At Bank of New York, the governance question is organizational as much as technical. Former Chief Data Officer Eric Hirschhorn describes a “data risk usage board” that reviews data and AI use before work begins, on the principle that “the security and the privacy and the ethics follow the information regardless of the transformation.”14 Lineage makes that principle enforceable, because it shows where data goes in practice rather than where policy says it should. M&T Bank followed a similar arc, turning a governance program built for compliance into a foundation it now uses to deploy AI with confidence.15

A bank starting with a catalog and a stack of spreadsheets should pick one critical data domain, such as wholesale credit or regulatory risk reporting, and prove column-level lineage from source to report for that domain before scaling the pattern. Gartner describes the destination in plain terms, calling lineage “a continuous, adaptive control layer,” not a periodic exercise.16 None of these banks tried to map everything at once. Each proved the operating model starting where regulatory pressure was highest, then extended it.

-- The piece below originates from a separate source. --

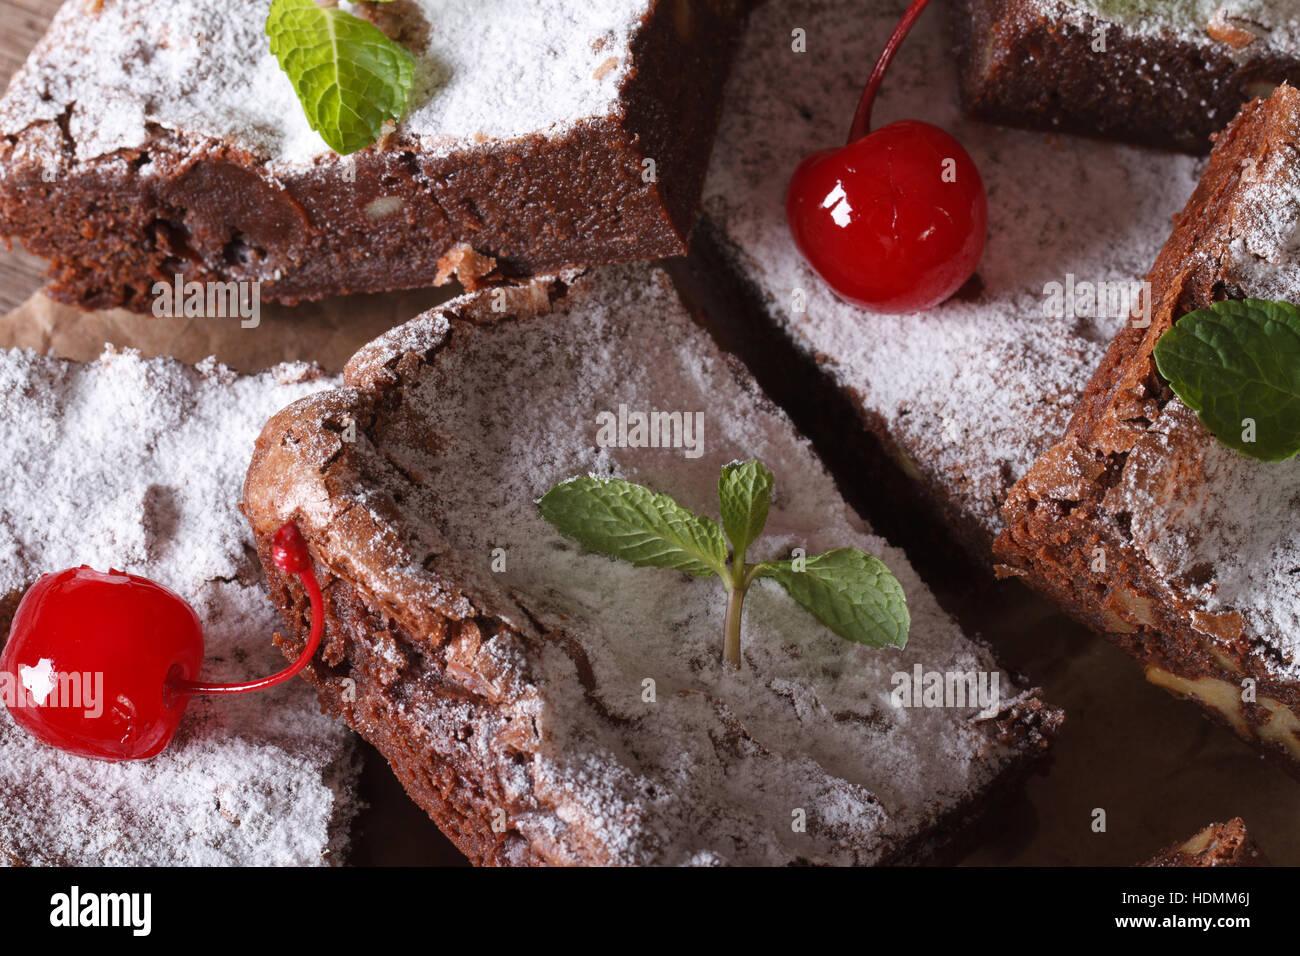 chocolate cake brownies with mint and cherries macro. horizontal - Stock Image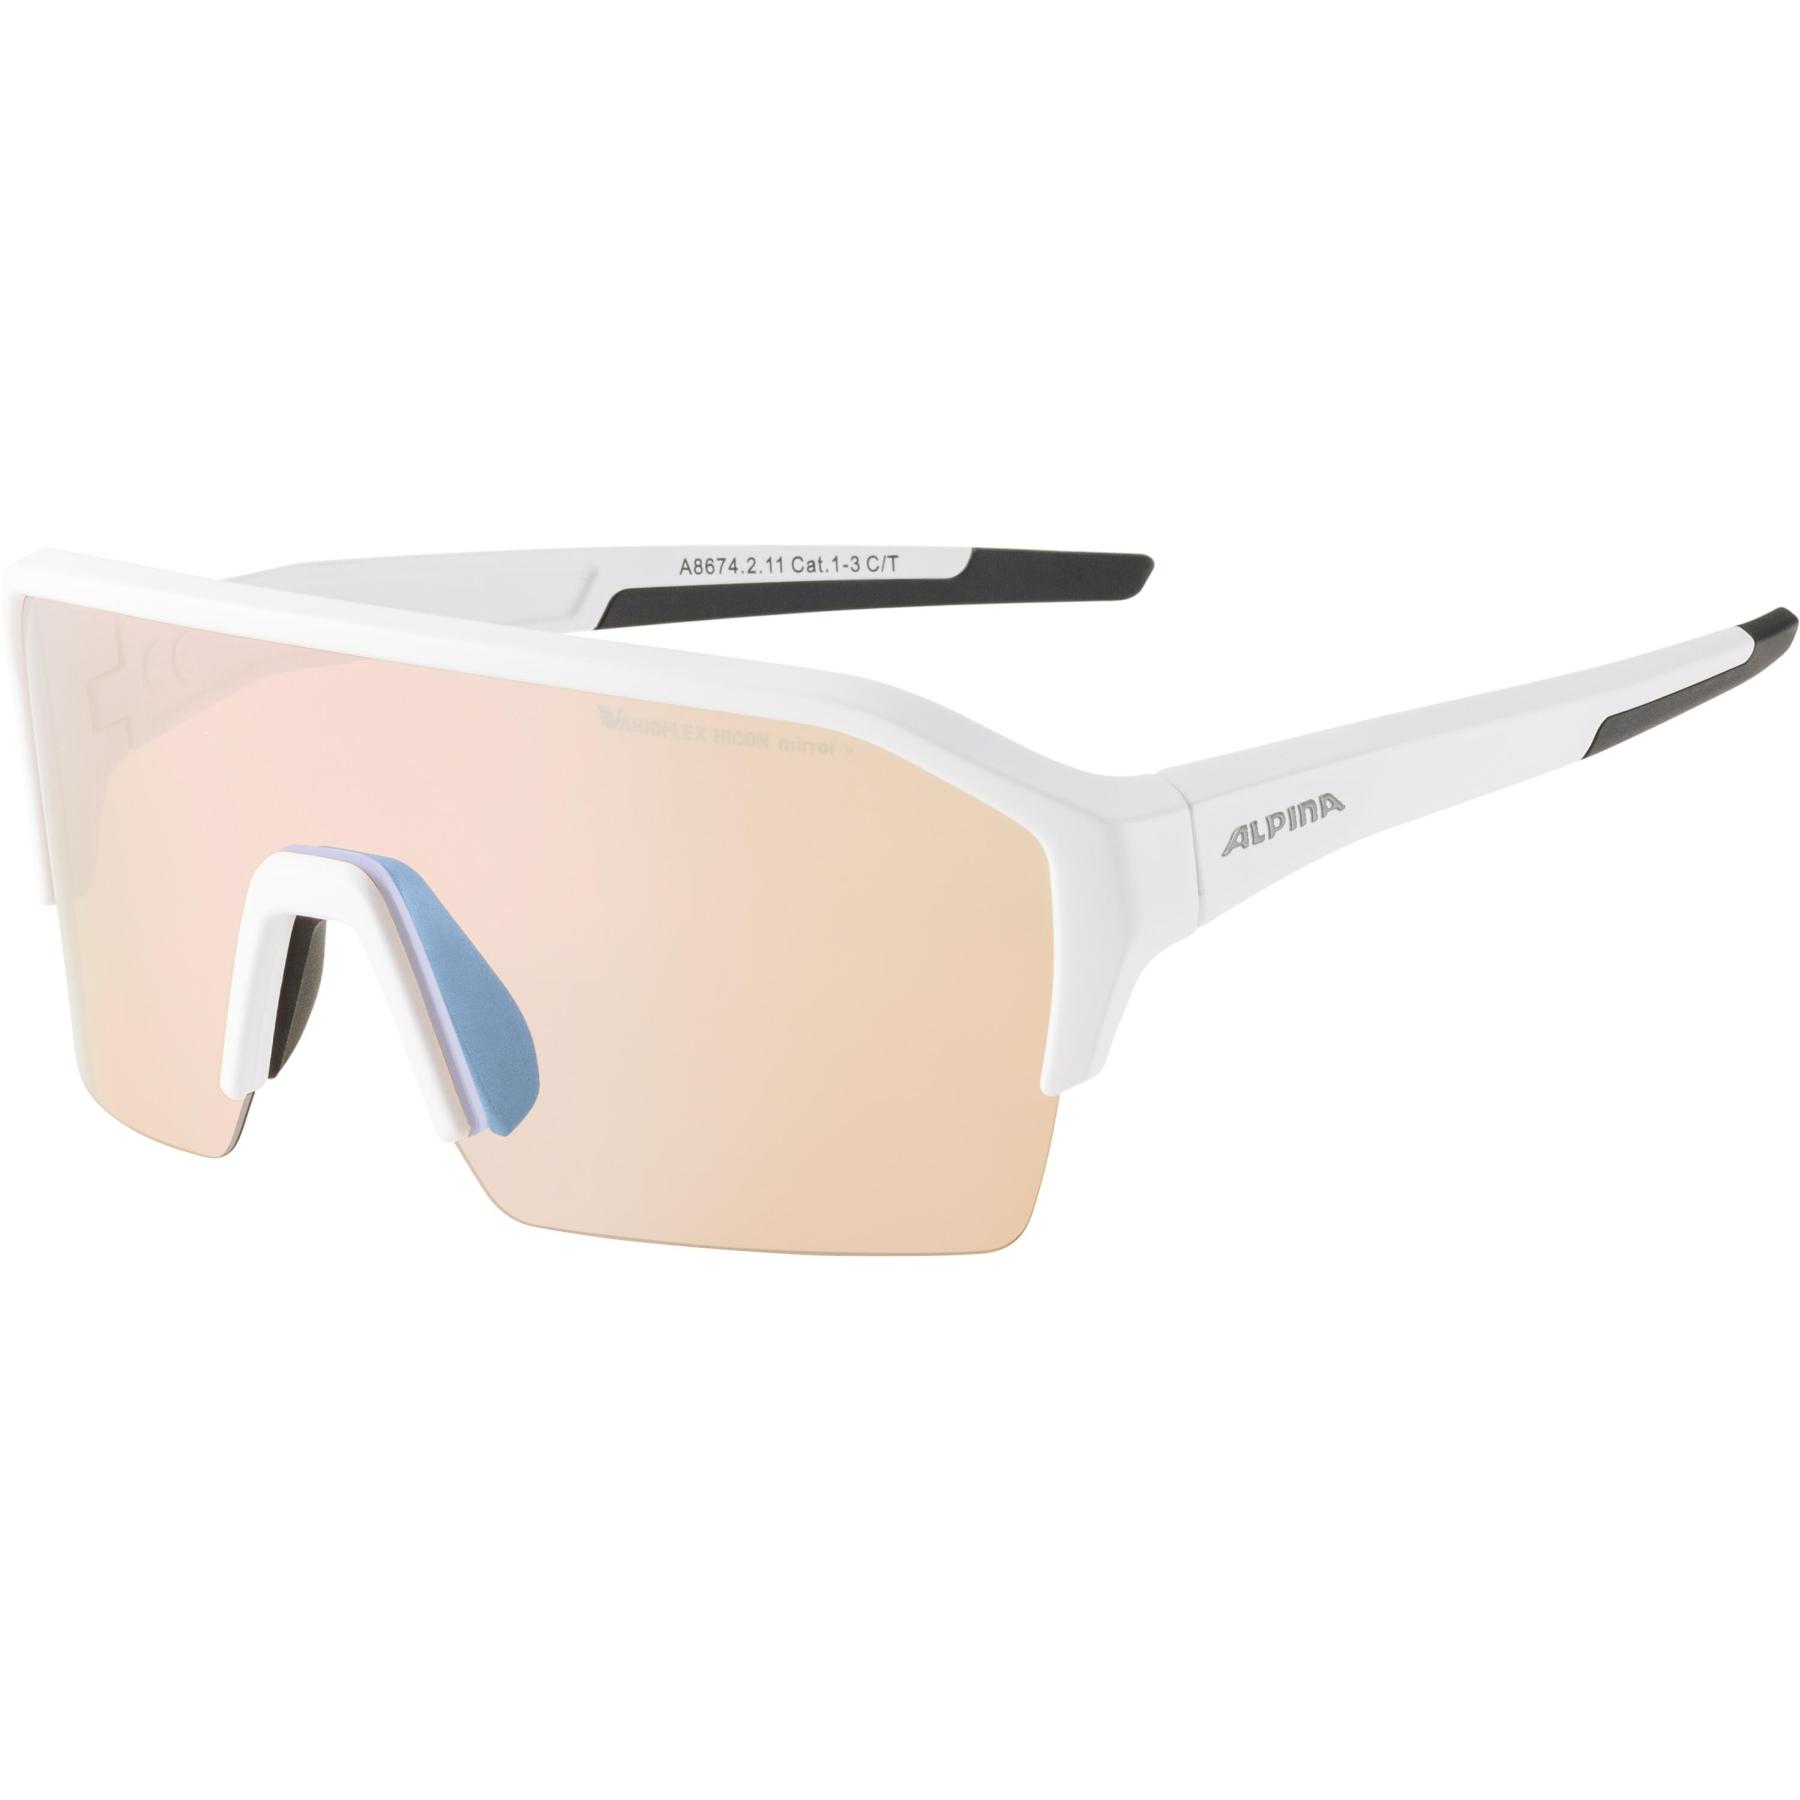 Image of Alpina Ram HR HVLM+ Glasses - white matt / Hicon Varioflex blue mirror

The AI turn raises the stakes

Everything that makes column-level lineage hard for regulatory reporting becomes harder once a bank deploys generative and agentic AI. The same evidence standard now applies to the data feeding the models.
Article 10 of the EU AI Act requires high-risk AI systems to be trained on traceable, well-governed datasets.17 US supervisors went the other way and left the rules open. SR 26-2 excludes generative and agentic AI from its scope and leaves banks to govern those systems by the same data-evidence principles it already applies to traditional models. A bank that cannot trace a reported number to its source will not be able to trace what a model learned from either.

AI adds speed to the scale problem. Gartner observes that agents “both consume and generate data at machine speed,” and projects that 40% of agentic AI projects will be canceled by 2028, in part for inadequate risk controls.18 Manual lineage cannot keep pace with systems that rewrite data faster than a person can review it. The Solidatus AI Lineage Assistant runs BCBS 239 analysis across hundreds of thousands of entities in minutes rather than months, with every AI-proposed change staged for human review before it is accepted.

The math no longer favors the manual path

Regulators have spelled out what they expect, and it points one way. Proof now has to reach the level of the individual data column, across estates that run to hundreds of thousands of fields and beyond. Spreadsheets and dataset-level catalogs were not built to produce that, and no amount of staffing closes the difference. The banks meeting the standard at scale, from HSBC to Royal London to Bank of New York, reached it by building column-level lineage into how they operate, with fewer people and less time than the manual alternative would have demanded. As AI moves more data faster, the room for doing this by hand keeps narrowing.

Solidatus is a data lineage platform built for regulated enterprises, used by banks including HSBC, Royal London Asset Management, and Bank of New York to map data lineage at the column level. To see how other regulated banks approached this, request the banking use case overview or ask to speak with a Solidatus reference customer. Either one shows what column-level lineage looks like in a live banking estate.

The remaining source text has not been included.